◆ **DATA PROVIDED**:

::::::::::

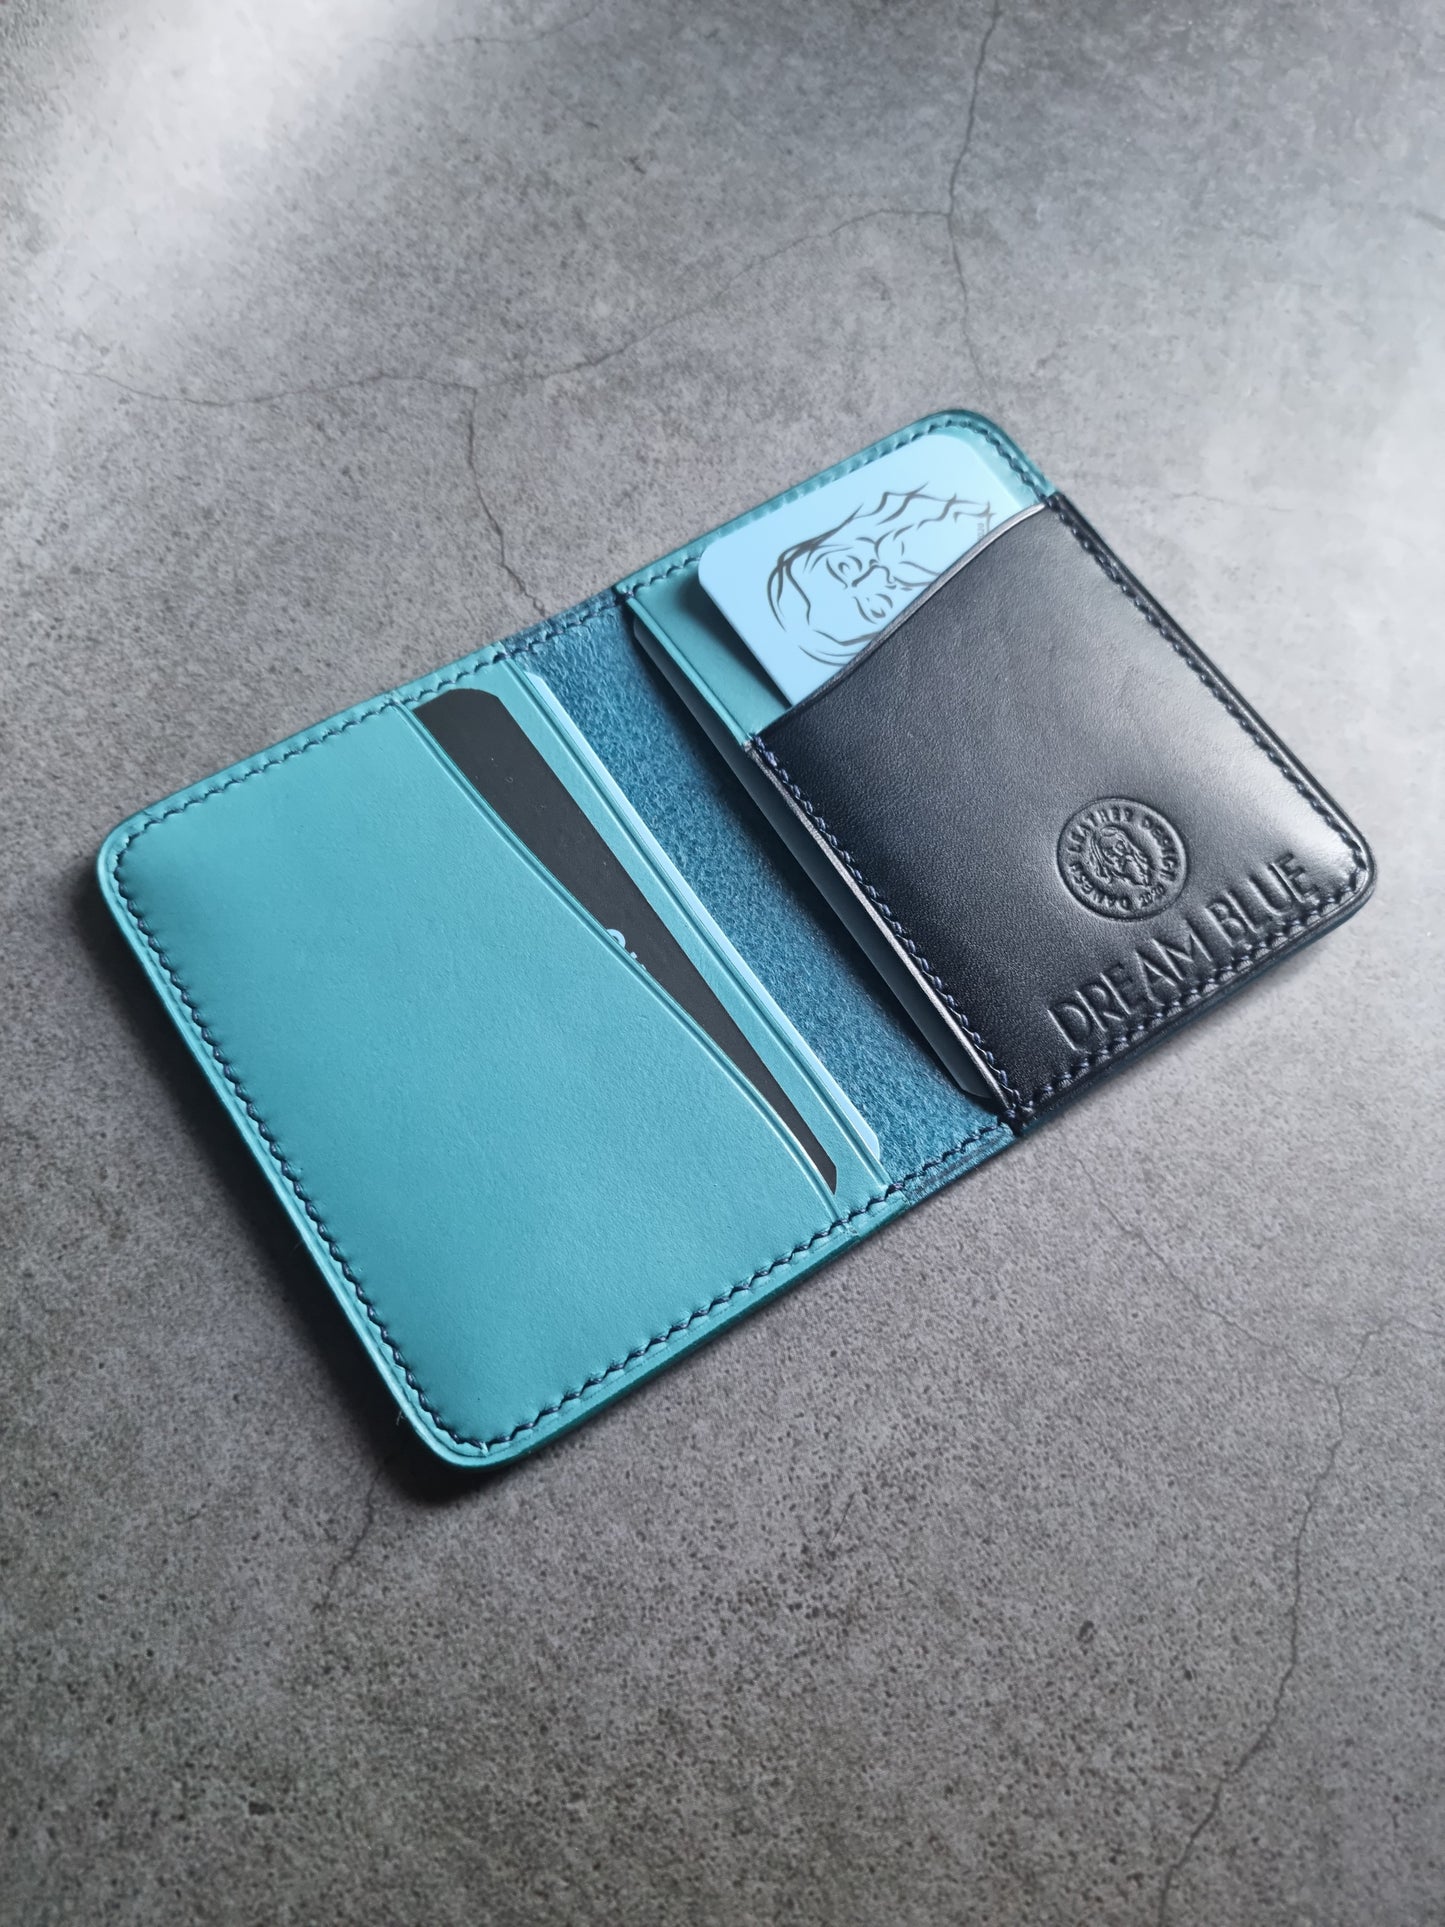 Denis the menace - Mini wallet - Leather Template | DIY | Pdf
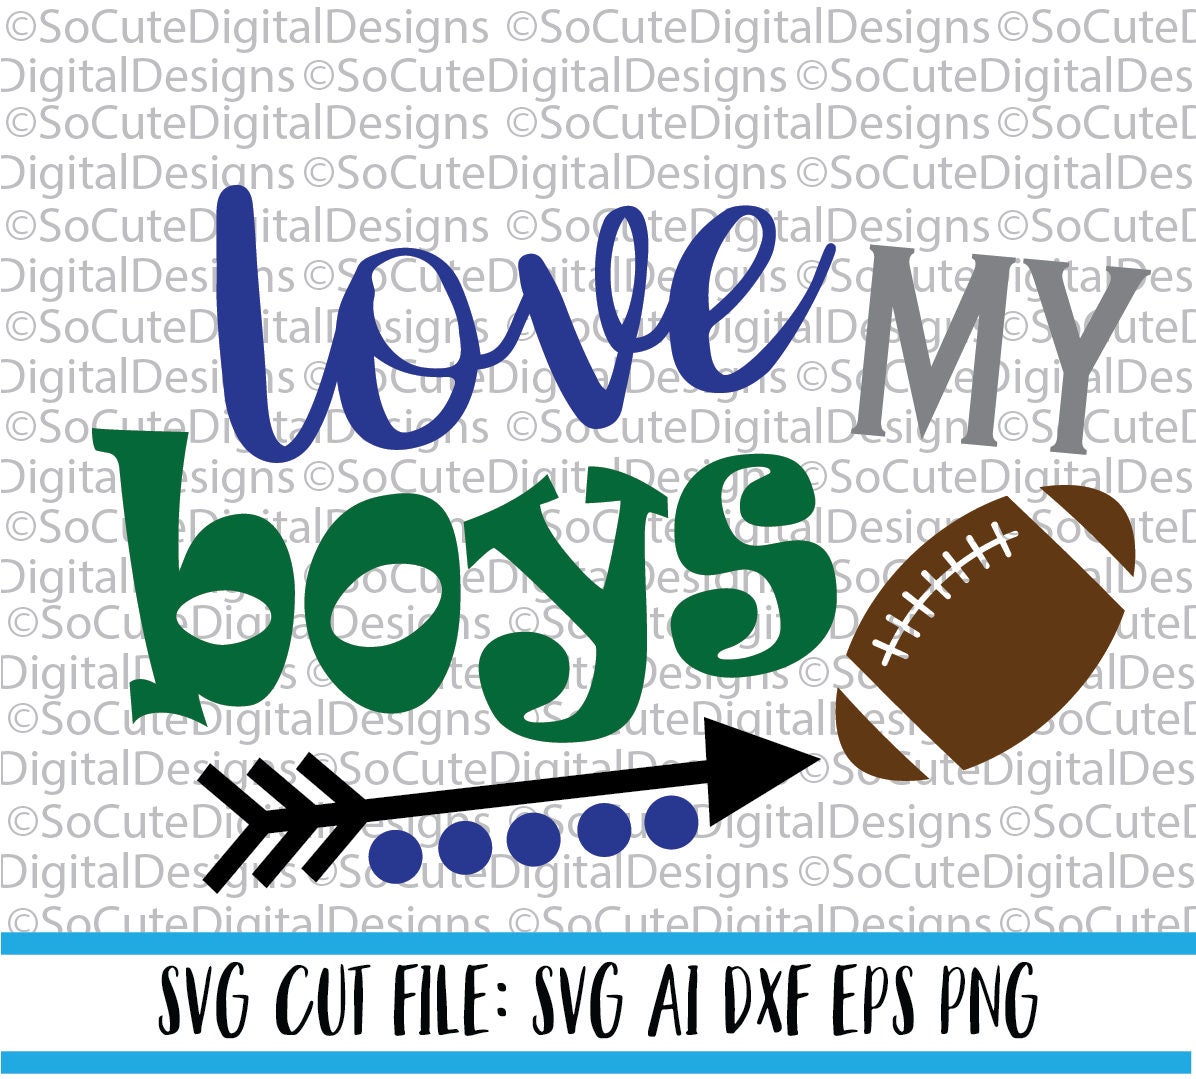 Free Free 200 Love My Boy Svg SVG PNG EPS DXF File
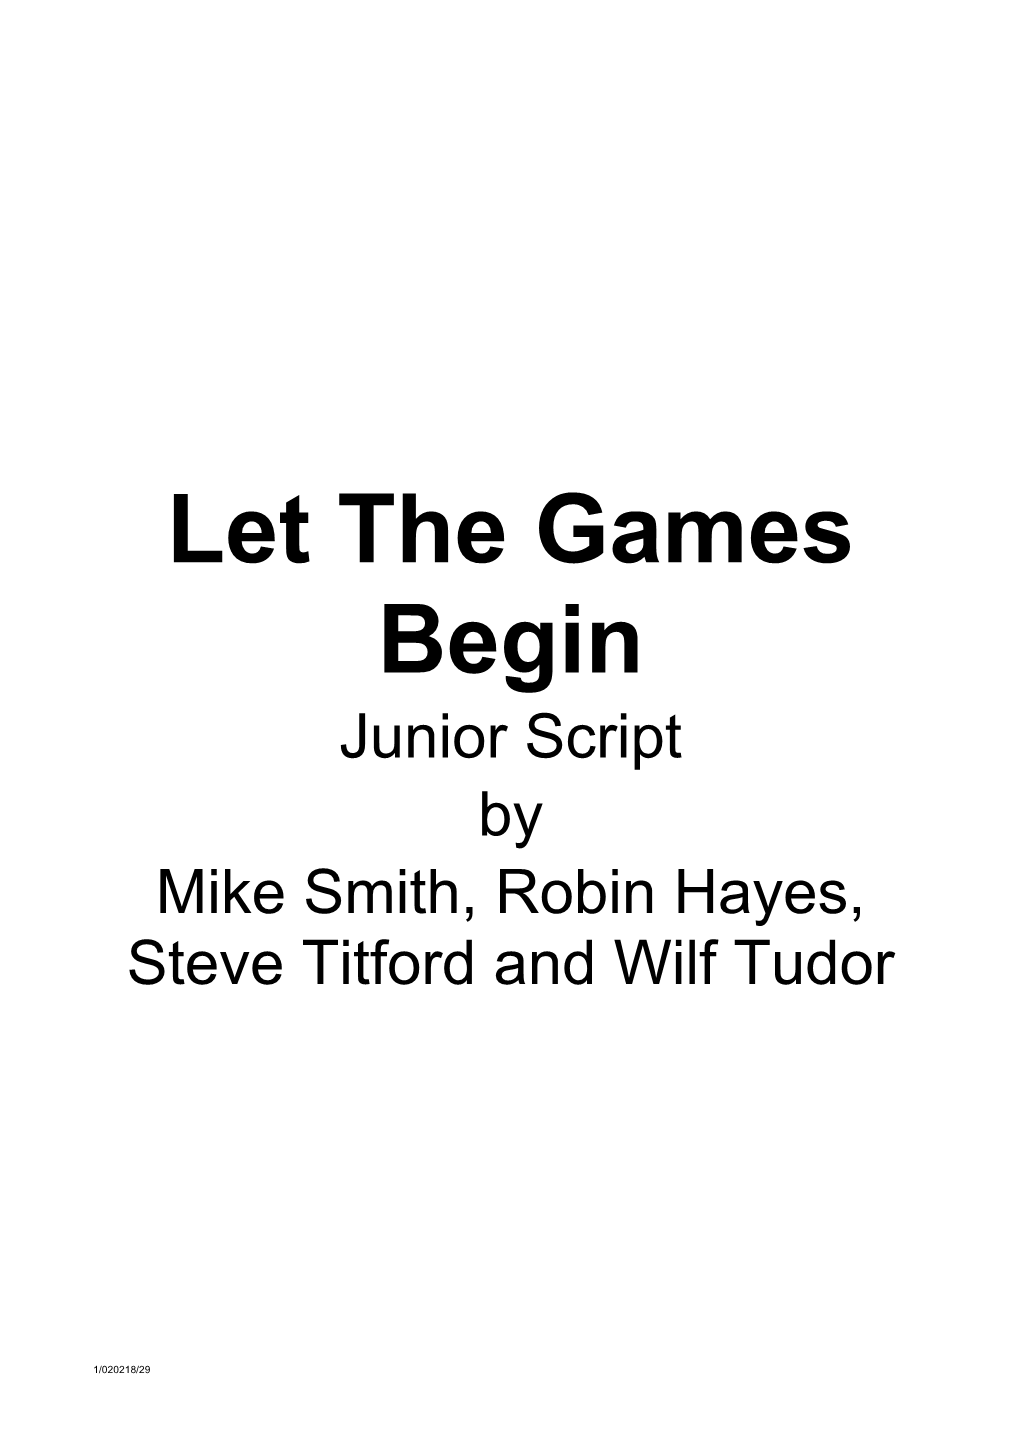 Let the Games Begin Script

::::::::::

◆ **ACTIVITY**: Return all of the lines above without alteration, minus the pictures.

◆ **EXERCISE OUTPUT**:
 Denis the menace - Mini wallet - Leather Template | DIY | Pdf
 Free Free 200 Love My Boy Svg SVG PNG EPS DXF File
 Let the Games Begin Script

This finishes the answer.